No matter how airlines degrade their service standards these days in the West, I think it's fair to say that most of us still believe that most airlines *intend* to:
  • Take off on-time
  • Land on-time
  • Fly us from A to B as the ticket says, without surprise stops
  • (Oh, and have toilets, of course)

On a recent trip to Ethiopia, we have been shown a rather different way of operating an airline. It contradicts with all of the above, but it works. We took 4 internal flights.

Here is how we experienced them first hand:
  • 1 left on time as per the ticket, and even got us there early (bonus!), because...
  • None of the 4 flights flew the original path it said it would: stopovers were skipped to go direct instead, or the direct flights got stopovers added onto it last minute
  • None of them arrived late, because...
  • Some of them took off earlier than stated
  • Additionally, the air stewardesses were lovely, and they gave passengers snacks and drinks (*gasp* what novelty!)
  • To their credit, they did try to inform passengers of the changes a couple of days ahead of the flight (in our case by email, which we only read after we got back to London).
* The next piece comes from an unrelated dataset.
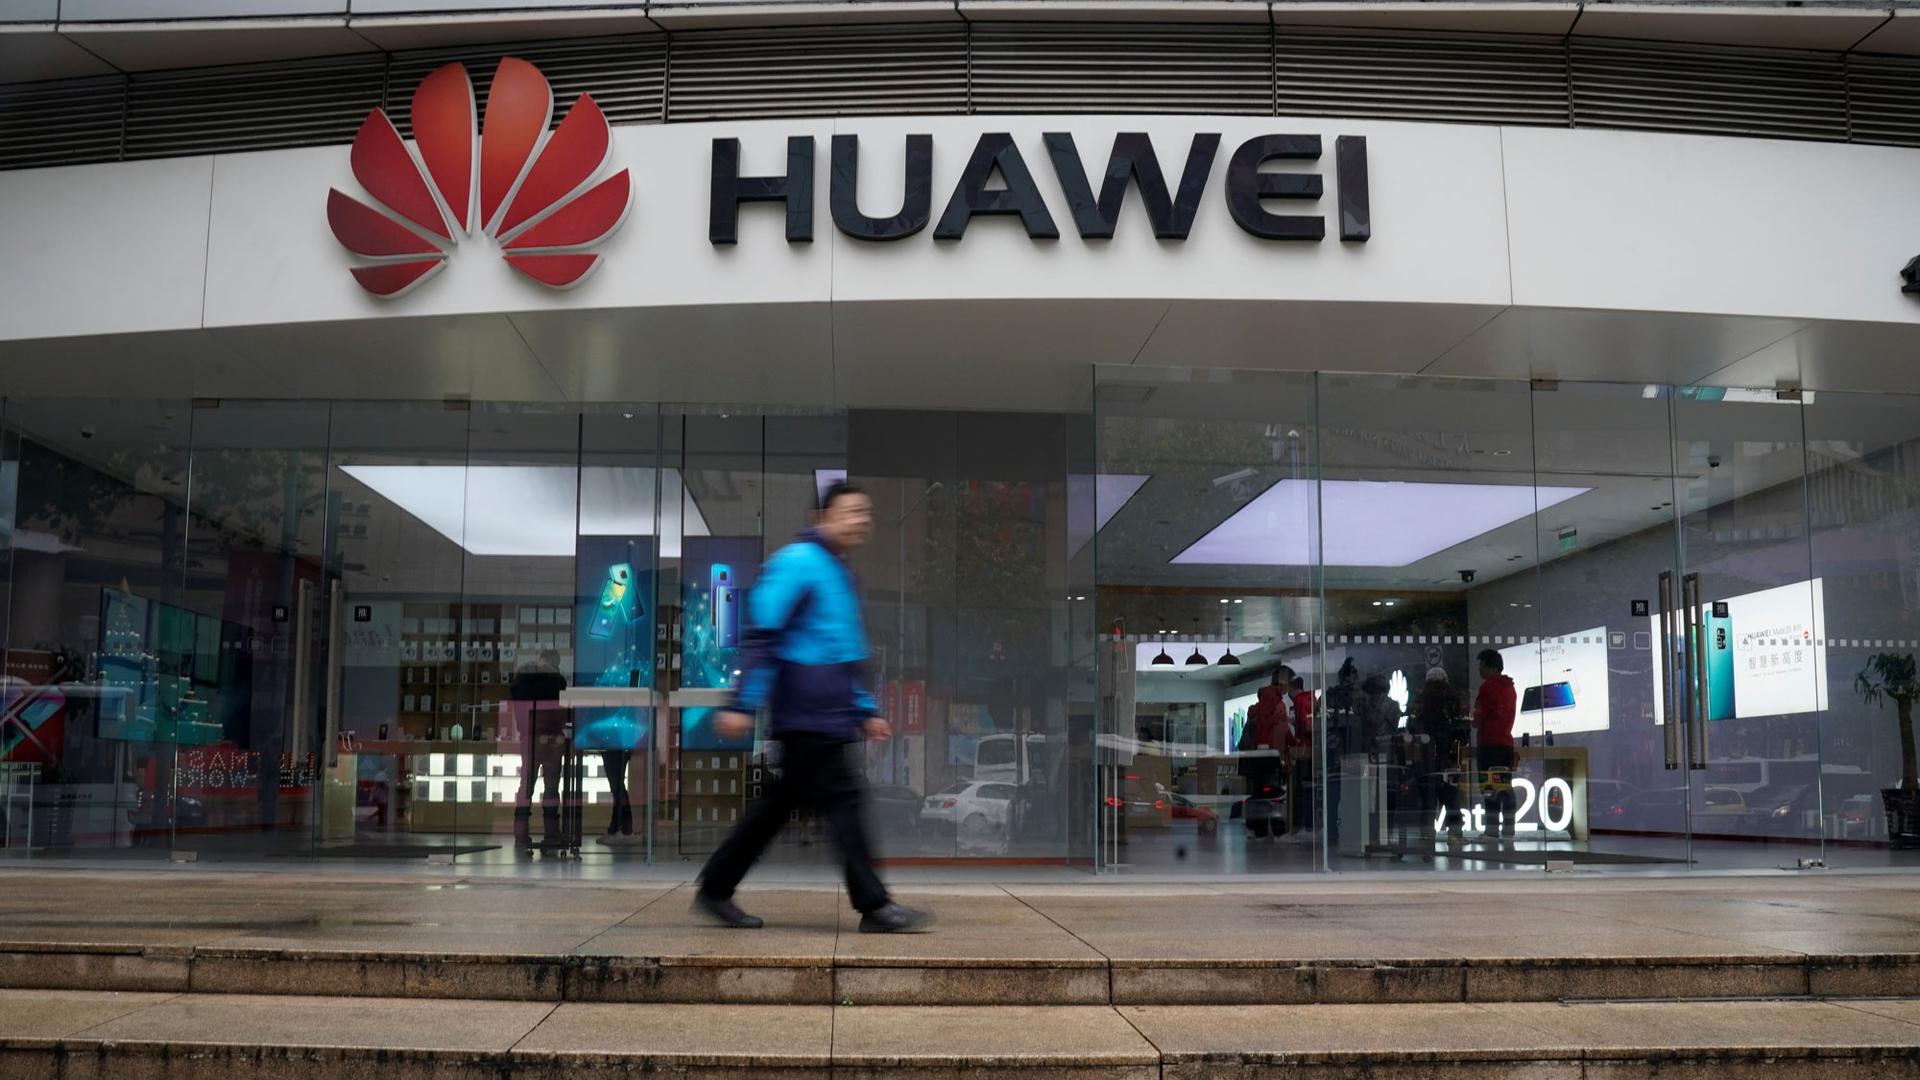 A man is shown walking by the red Huawei logo in a motion blur at a shopping mall in Shanghai, China.

  • They also tell passengers to double check the flight times a couple of days before, to be aware of any late changes.
(For your curiosity: the international flights from London to Addis Ababa was quite standard. The only oddity was that they weighed everyone's carry-on luggage at the gate, because it's apparently a popular flight to take lots of stuff with you!)
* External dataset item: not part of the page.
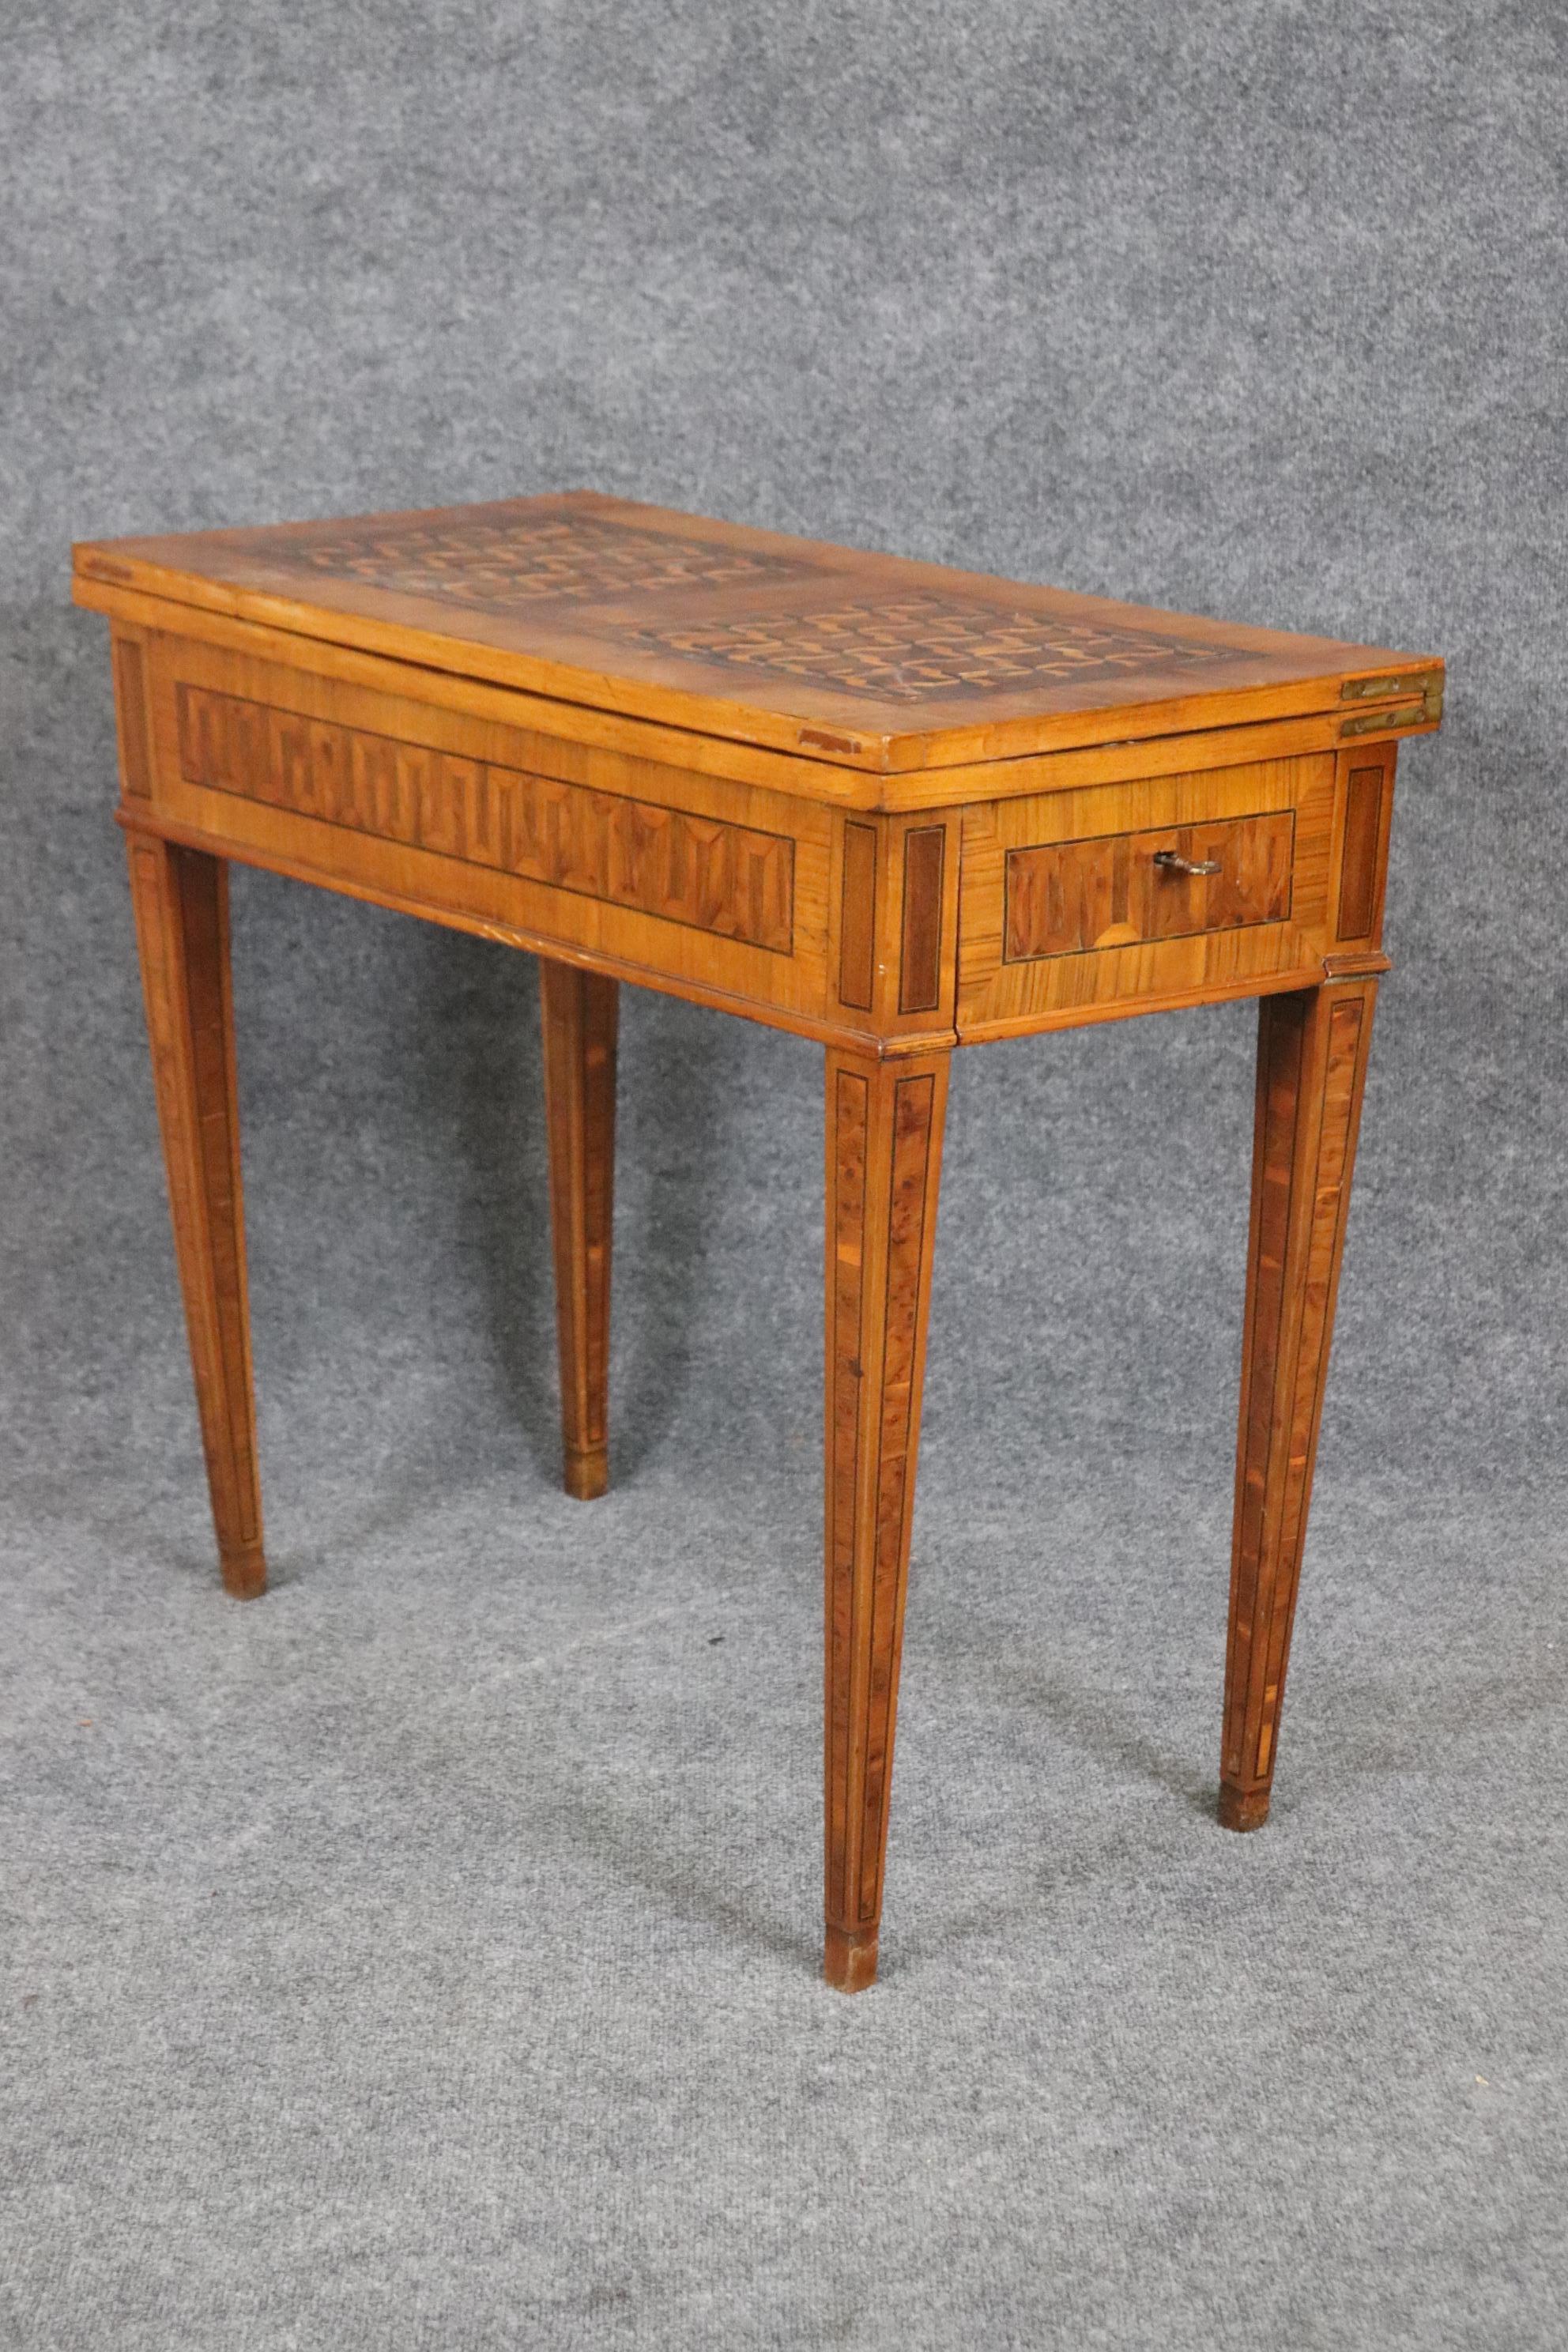 Rare Italian Inlaid 18th Century Olivewood and Rosewood Games Table Circa 1780 For Sale 2

IMHO, an airline would play this game, because: (we suspect - unconfirmed)
  • It wants to minimise costs - mainly fuel in this case.
  • It has 1-2 planes that fly in circles to cover off a handful of popular destinations.
  • As the airline gets more and more requests for seats through the form of purchased tickets, it is faced with an optimisation problem to fly all its customers to their expressed destinations with minimum cost. The best way to do this is probably through re-shuffling the schedule. For instance, if a plane is hopping from A to B to C in sequence, where B is closer to A than C is, and if we discover 2 days before the flight that the plane is filled with 2/3 passengers going to C, and 1/3 going to B, then flying A->C->B is cheaper than A->B->C. What if there are customers wishing to go from B to C? We hear that the airline is known for cancelling flights as well. Luckily, we didn't experience this.
This way of operating an airline is possible, because:
  • It is a monopoly.
  • The number of flights are few, so it's easy to manage change.
  • Customers expect it and adjust flying behaviour accordingly (i.e. always check the flight times before the day of flight, and always leave wiggle room before and after the flight).
  • For foreigners who are used to the typical western airline service (i.e. expect it to take-off and land on-time and fly the route it says it would), the price justifies it and shuts people up from complaining, and instead people will have a laugh (or write a blog post!) about it.
  • It doesn't call itself "Precision Airline" (the Tanzanian airline), and can afford to deviate a little. 8-)
P.S. If you are planning to visit Ethiopia, and intend to fly within the country, you may want to consider buying the tickets within the country rather than online. It is significantly cheaper due to price control. This is true as of spring 2011, so double check this before you travel.